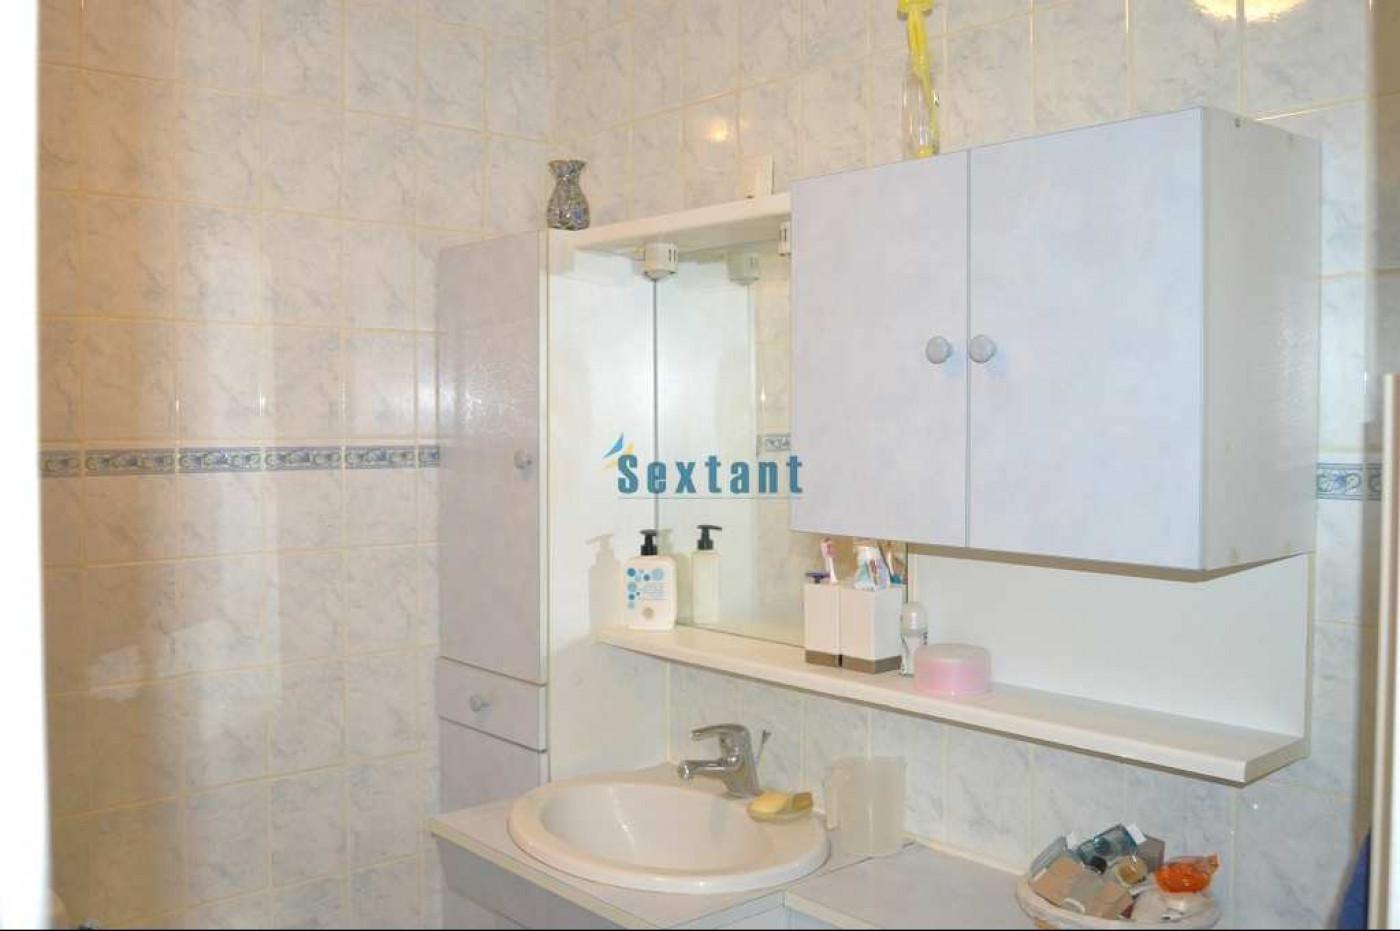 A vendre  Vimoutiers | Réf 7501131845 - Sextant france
...
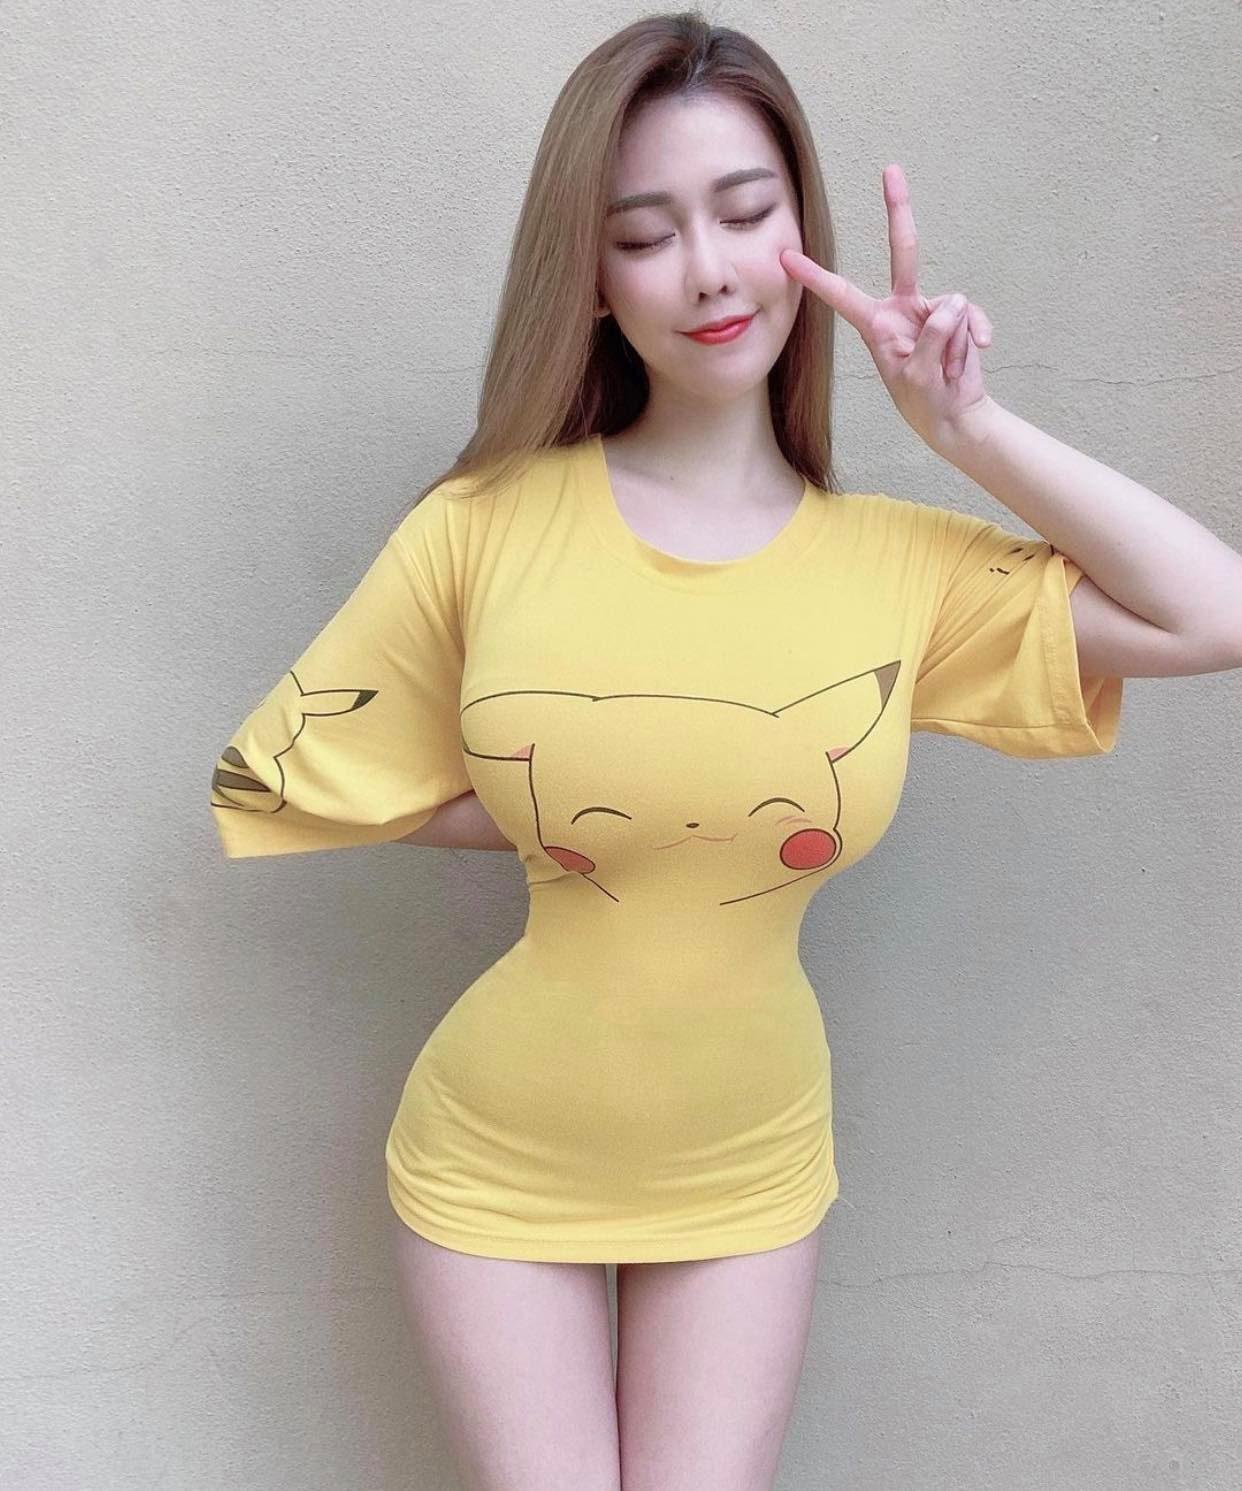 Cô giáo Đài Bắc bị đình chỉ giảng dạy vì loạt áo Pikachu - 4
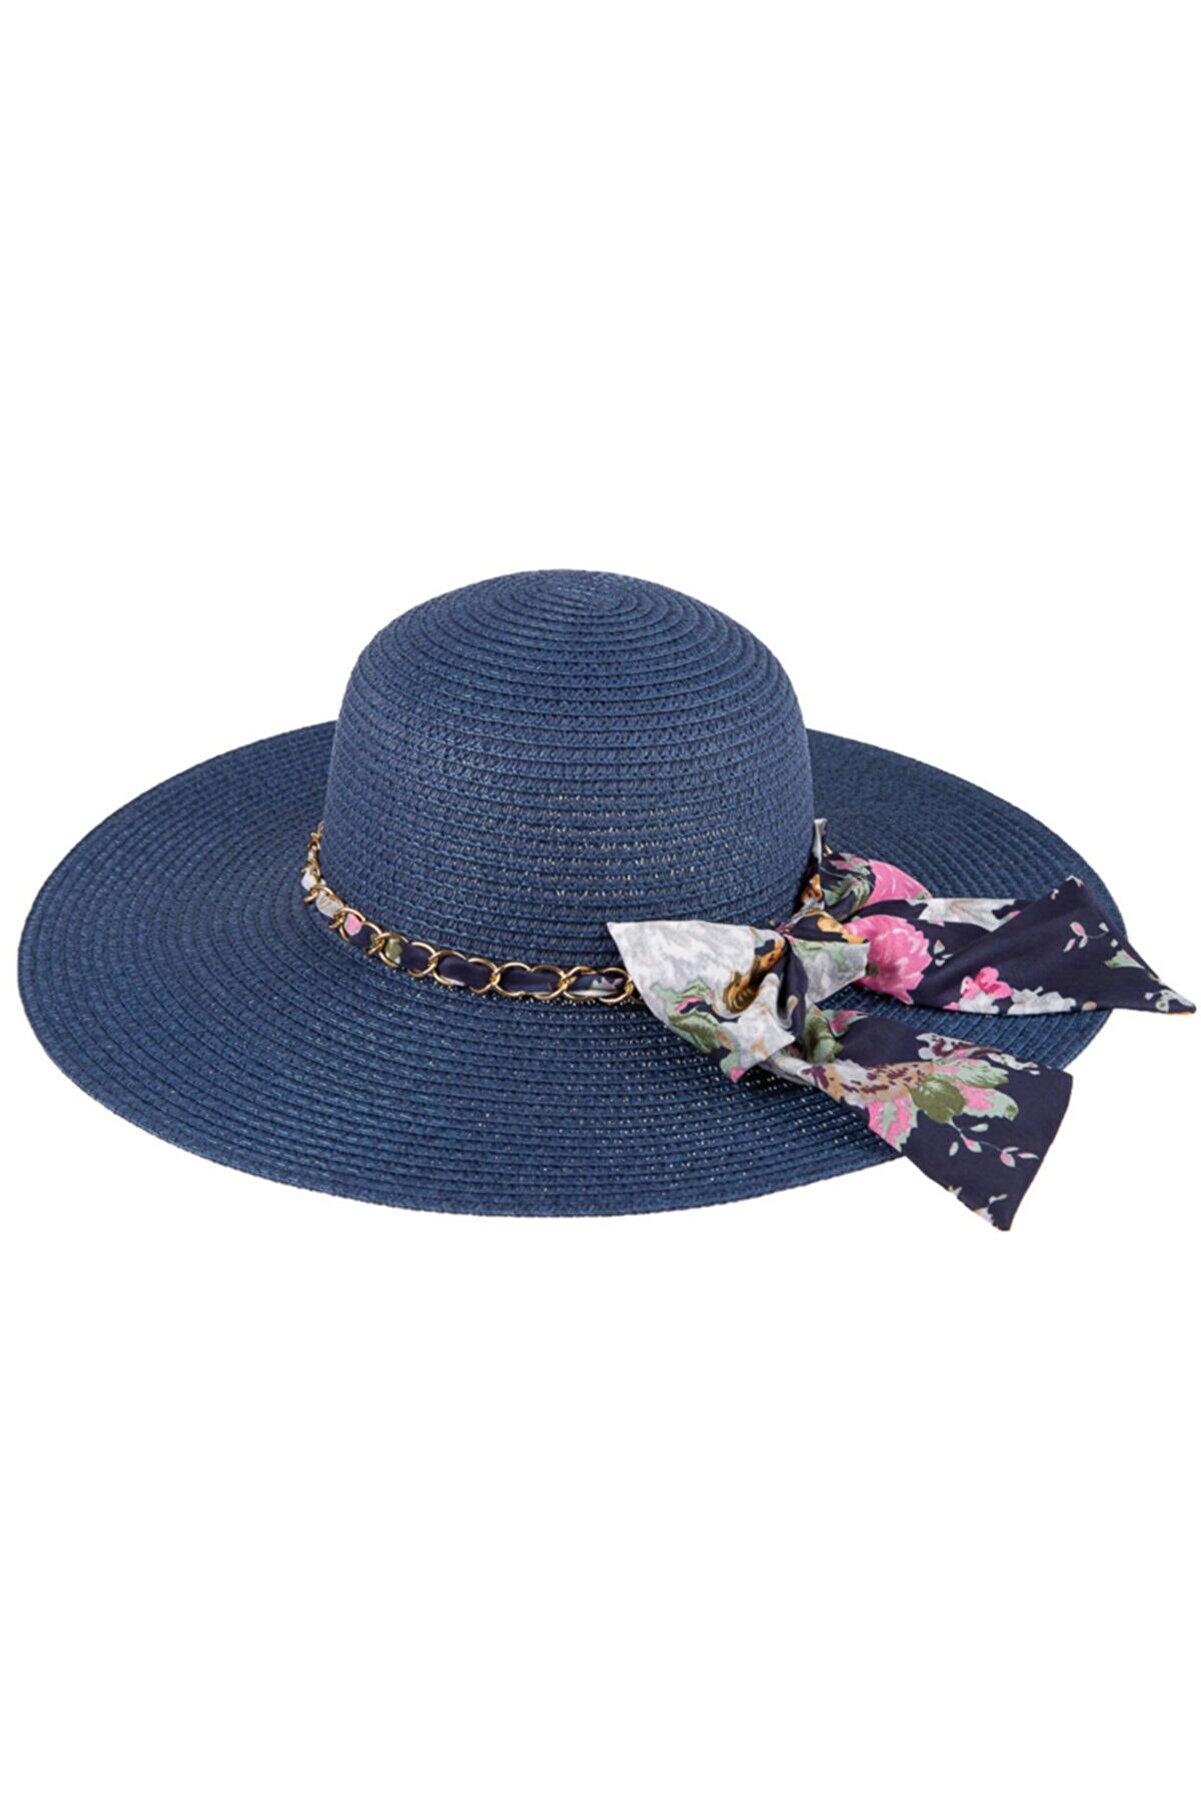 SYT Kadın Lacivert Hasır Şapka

**WHAT YOU SHOULD DO**
The answer must be the part of the records that opens with the line containing "Cô giáo Đài" and closes with the line containing "SYT Kadın Lacivert Hasır Şapka", reproduced exactly, with no pictures.

**TASK SOLUTION**
 Cô giáo Đài Bắc bị đình chỉ giảng dạy vì loạt áo Pikachu - 4
 SYT Kadın Lacivert Hasır Şapka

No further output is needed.